Sailing into Paradise Bay evokes images of palm trees and white sandy beaches. Instead Paradise Bay, Antarctica is surrounded by towering snow covered mountains. These dispense icebergs the size of cruise ships with alarming frequency into the deep, dark blue water.
I had arrived to Antarctica aboard the Icebird, a 60ft sailboat along with eight fellow crew. After crossing the tumultuous Drake Passage we were set to explore this remote, spectacular continent. Between observing the dramatic scenery and unique wildlife there was also mountaineering. Having had little sailing experience and even less in mountaineering I was, you could say, throwing myself in the deepest of ends.
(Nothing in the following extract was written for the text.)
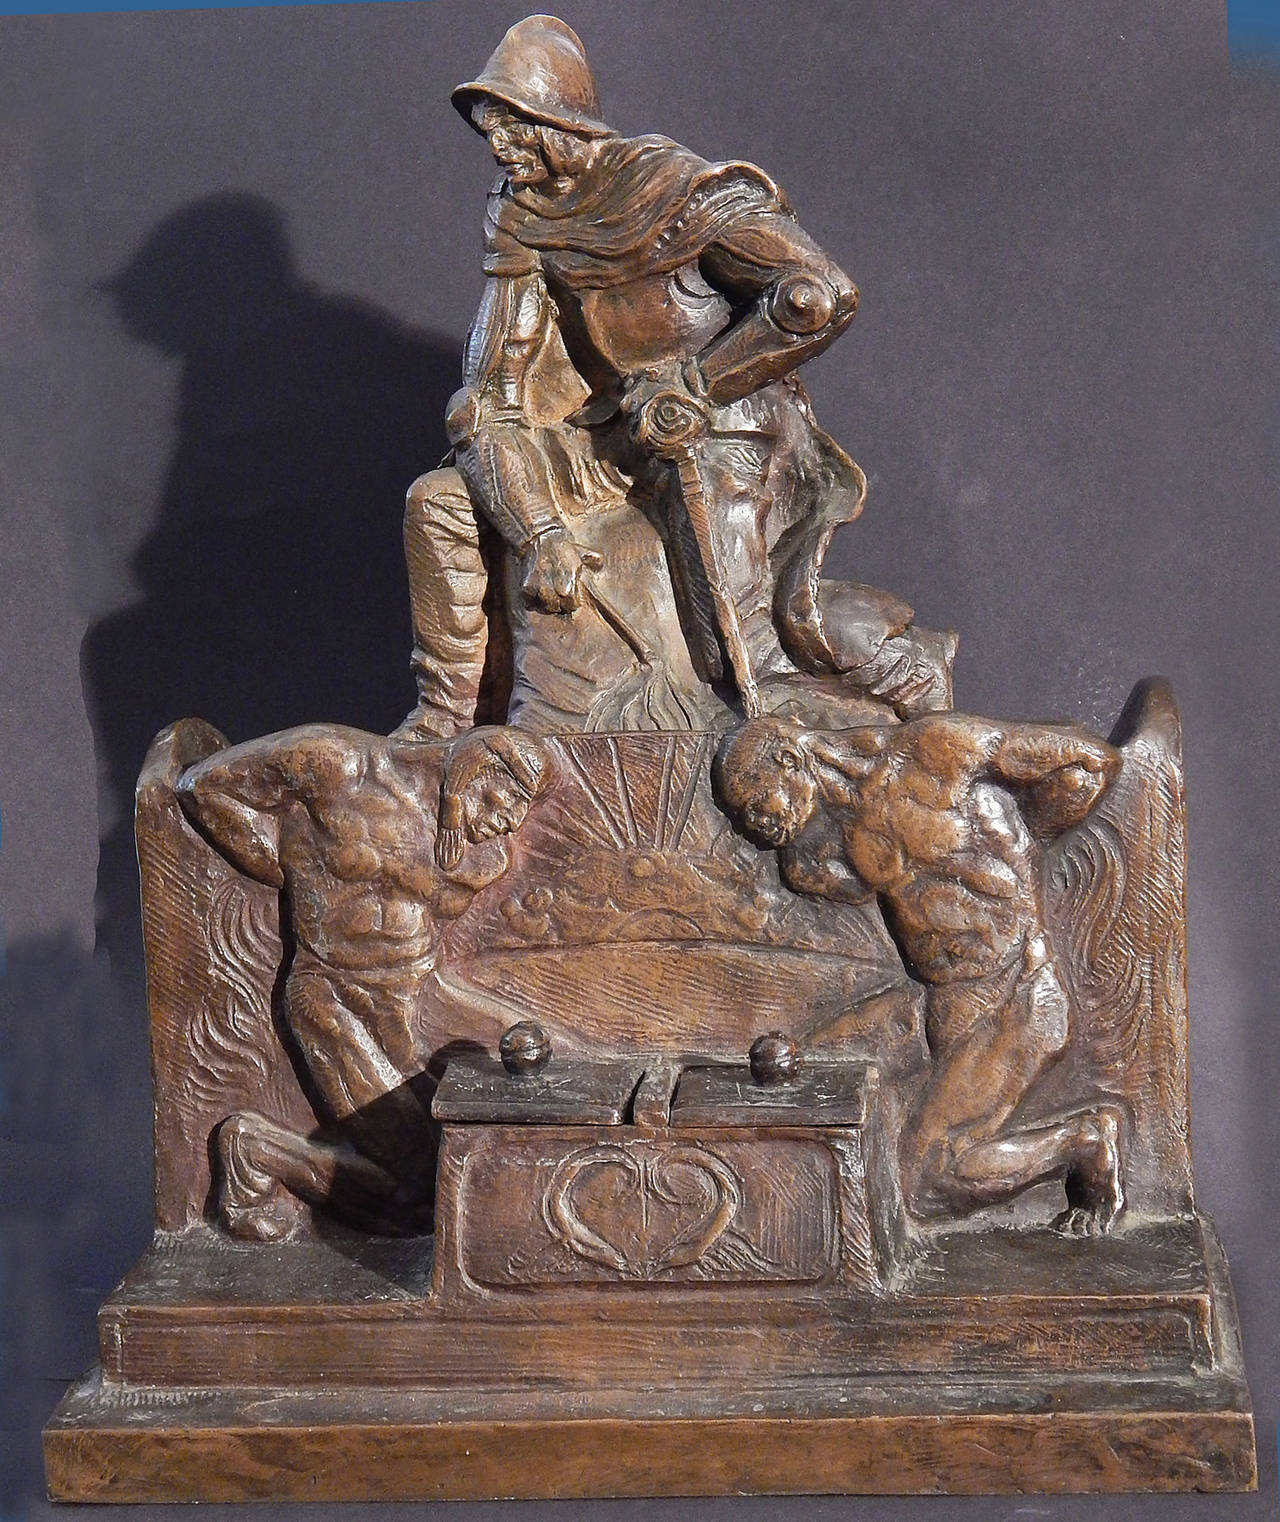 More of an indictment of the Spanish conquest of North America than a celebration, this quite extraordinary, large bronze inkwell depicts a Conquistador, holding sword and whip, seated above two bowed nude figures, clearly depicting Native and

Antarctica has many peaks that simply haven’t been climbed before. Due to the remoteness and the risk. Antarctic peaks all spawn glaciers riddled with bottomless crevasses and are extremely prone to avalanches. Help is also a long way away should something go wrong. My arrival into Paradise Bay was met with wonder, excitement and anxiety laced with anticipation. We were to attempt an ascent up a 1000m, as yet unclimbed, ice chute. From our position aboard the yacht the chute seemed vertical and endless. The summit disappearing into the thunderous clouds.
Climbing began immediately from the shore of the bay. Connected by ropes to my fellow climbers, the technique to the top I learnt involved ‘pitching’. Pitching requires the first climber to scale unassisted before securing an anchor. We then leap frog each other, securing successive anchors as we ascend.
I am now perched with only the toes of my boots holding me to the mountain. Avalanches are thundering down around the bay and it is bitterly cold. Yet I can’t help smiling! Have I gone insane? I could be onboard the yacht with a hot cup of coffee! It is being here committed and completely at the mercy of the elements that brings intense focus. So much so it is liberating. Simply nothing else matters but this exact, precise, moment.
After ten strenuous pitches we emerged on a rounded summit. The yacht barely noticeable far below in between the icebergs littered across the bay. Standing on a peak that no human has yet set foot on was certainly a unique event. Although compared with the euphoria of the ascent it was actually an anti-climax.
I had long since ran out of superlatives to describe Antarctica. This climb and the opportunity to explore the bottom of the world will just be etched in my memory forever. Now, how do we get down exactly?